*What this task involves*
In the records below, find the line containing "Bitcoin's Rally to" and restate it and all lines after it exactly, through the last line.

Entries taken from a collection
______________________________
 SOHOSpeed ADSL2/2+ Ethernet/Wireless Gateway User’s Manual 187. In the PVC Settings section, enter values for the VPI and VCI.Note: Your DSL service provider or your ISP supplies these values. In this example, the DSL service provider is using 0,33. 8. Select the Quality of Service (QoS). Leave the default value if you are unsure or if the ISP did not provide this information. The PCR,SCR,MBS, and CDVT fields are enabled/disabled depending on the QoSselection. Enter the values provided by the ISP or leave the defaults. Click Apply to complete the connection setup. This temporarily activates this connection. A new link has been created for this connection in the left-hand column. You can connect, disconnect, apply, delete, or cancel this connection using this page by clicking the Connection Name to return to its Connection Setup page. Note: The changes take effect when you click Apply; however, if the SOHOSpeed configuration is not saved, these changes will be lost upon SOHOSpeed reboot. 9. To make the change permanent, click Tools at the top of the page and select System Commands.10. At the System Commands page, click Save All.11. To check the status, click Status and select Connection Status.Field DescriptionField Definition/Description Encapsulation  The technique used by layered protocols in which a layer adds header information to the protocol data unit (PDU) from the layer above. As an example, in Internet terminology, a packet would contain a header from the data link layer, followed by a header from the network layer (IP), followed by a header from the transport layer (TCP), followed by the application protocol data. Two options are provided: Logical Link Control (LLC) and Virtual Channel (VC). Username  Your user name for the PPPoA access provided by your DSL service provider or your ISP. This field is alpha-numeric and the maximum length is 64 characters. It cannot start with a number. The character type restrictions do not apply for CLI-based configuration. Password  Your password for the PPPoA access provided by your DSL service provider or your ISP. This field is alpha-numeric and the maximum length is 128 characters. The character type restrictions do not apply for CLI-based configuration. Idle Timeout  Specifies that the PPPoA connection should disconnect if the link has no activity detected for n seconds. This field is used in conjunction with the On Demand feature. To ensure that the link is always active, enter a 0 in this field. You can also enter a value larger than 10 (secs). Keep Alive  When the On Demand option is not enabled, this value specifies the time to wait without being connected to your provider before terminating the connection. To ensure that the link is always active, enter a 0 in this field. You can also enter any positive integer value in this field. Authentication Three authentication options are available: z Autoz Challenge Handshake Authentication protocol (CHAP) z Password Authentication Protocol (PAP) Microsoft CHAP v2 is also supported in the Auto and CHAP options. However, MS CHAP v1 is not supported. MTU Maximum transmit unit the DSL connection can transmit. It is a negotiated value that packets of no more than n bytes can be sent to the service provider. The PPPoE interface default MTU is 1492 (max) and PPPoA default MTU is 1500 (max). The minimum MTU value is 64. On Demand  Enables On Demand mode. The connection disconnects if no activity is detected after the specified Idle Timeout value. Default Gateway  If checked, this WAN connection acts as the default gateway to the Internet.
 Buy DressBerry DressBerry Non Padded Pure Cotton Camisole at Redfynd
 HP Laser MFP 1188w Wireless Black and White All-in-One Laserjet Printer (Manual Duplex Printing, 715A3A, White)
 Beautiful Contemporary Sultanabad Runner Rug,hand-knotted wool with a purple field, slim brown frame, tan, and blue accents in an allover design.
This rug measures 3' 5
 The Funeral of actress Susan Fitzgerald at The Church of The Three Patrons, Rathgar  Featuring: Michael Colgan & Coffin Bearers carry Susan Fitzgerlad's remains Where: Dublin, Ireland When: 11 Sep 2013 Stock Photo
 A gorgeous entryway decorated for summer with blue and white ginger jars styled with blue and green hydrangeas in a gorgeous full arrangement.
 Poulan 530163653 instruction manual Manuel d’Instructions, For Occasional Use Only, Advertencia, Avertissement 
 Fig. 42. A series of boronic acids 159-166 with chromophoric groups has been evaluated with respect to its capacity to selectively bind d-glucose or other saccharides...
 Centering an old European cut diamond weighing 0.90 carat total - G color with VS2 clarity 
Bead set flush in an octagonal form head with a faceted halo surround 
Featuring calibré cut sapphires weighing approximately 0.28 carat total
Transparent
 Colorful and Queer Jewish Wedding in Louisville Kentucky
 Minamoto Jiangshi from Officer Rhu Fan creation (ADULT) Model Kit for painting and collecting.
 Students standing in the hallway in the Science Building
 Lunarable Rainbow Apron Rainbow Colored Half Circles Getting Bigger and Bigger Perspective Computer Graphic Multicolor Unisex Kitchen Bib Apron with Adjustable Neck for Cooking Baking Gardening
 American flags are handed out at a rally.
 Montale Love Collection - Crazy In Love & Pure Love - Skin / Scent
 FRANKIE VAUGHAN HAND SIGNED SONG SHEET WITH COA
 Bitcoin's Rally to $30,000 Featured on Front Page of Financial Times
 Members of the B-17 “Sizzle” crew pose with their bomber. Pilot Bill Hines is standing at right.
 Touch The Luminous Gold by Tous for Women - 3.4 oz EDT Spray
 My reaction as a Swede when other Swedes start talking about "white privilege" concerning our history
______________________________
*Reply to the task*
 Bitcoin's Rally to $30,000 Featured on Front Page of Financial Times
 Members of the B-17 “Sizzle” crew pose with their bomber. Pilot Bill Hines is standing at right.
 Touch The Luminous Gold by Tous for Women - 3.4 oz EDT Spray
 My reaction as a Swede when other Swedes start talking about "white privilege" concerning our history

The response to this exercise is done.